Changes to localq and new stats

There were couple of changes done to localqs I would like to them describe here.

[VIA-COPY] vs [VIA-INVALIDATION]

JIRA 8.12

Since JIRA 8.12 the channel for replicating messages from caches replicated via copy slightly differs from messages from caches replicated via invalidation.
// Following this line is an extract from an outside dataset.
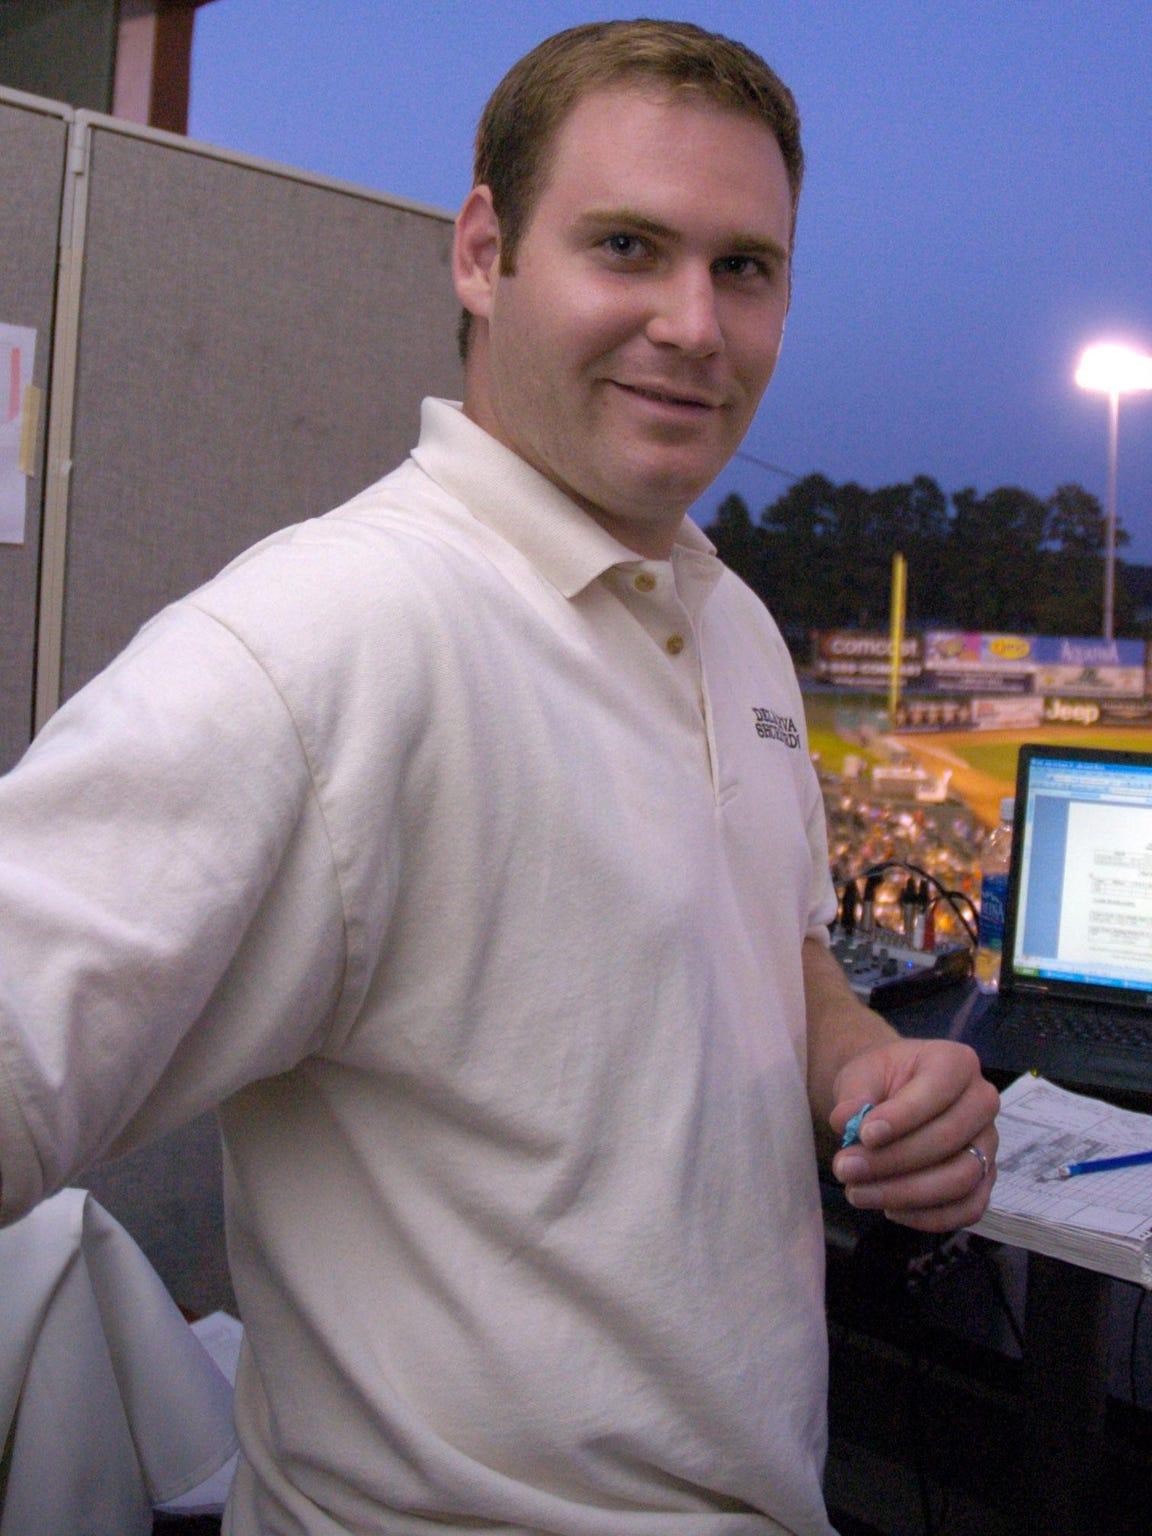 Randy Scott has been to Arthur W. Perdue Stadium as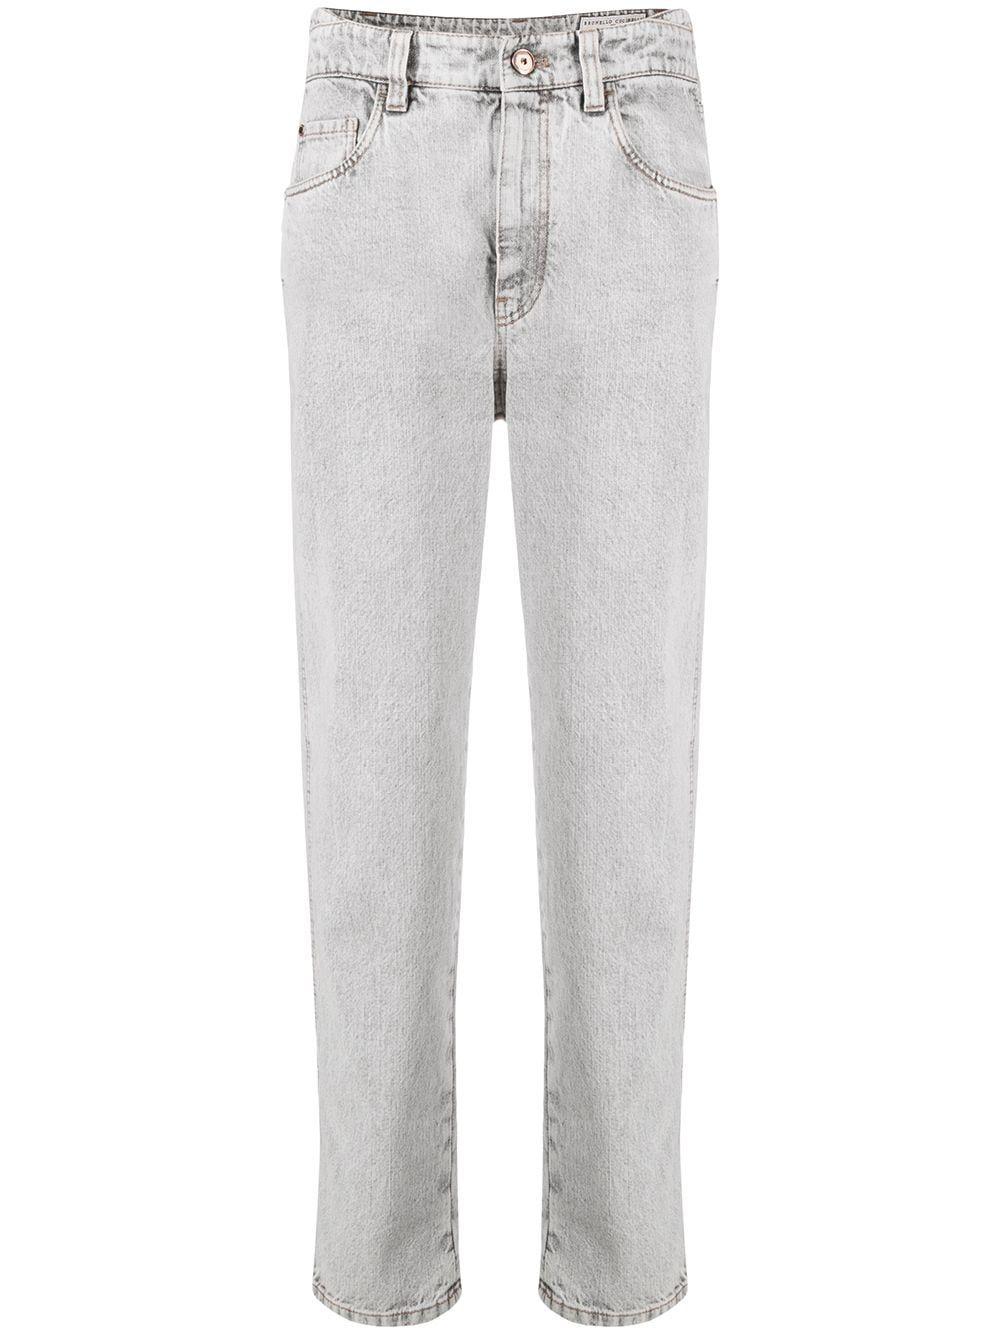 Brunello Cucinelli Straight jeans BRUNELLO CUCINELLI WOMEN'S GREY COTTON JEANS

The main difference is that messages from caches replicated via invalidation have guaranteed delivery, and messages from caches replicated via copy have NO guarantee of delivery. Technically these are the main differences:

no sync to file after message added to queue [via-copy]
much smaller queue size: 10x10k [via-copy] vs 10x100k [via-invalidation]
no retries when delivery to the other node fails [via-copy]
messages only delivered to live nodes (with active heartbeat) [via-copy] vs delivered to all active (ACTIVE state so not OFFLINE) nodes [via-invalidation]

Because of this we have now a different set of LOCALQ stats for both channels with different prefixes:

[LOCALQ][VIA-COPY]
[LOCALQ][VIA-INVALIDATION]

In most of the cases [via-copy] is about replicating DBR, user and groups and [via-invalidation] about everything else.

Top caches

JIRA 8.13.4

Have you ever wondered which cache is the root cause of all those millions of replication messages? Sure you did. But until now it was really tricky to get this information. You had to turn DEBUG logging for every replication message and then aggregate. Because of the volume of the log messages it would generate on a large instance it may have not be even an option on a production instance.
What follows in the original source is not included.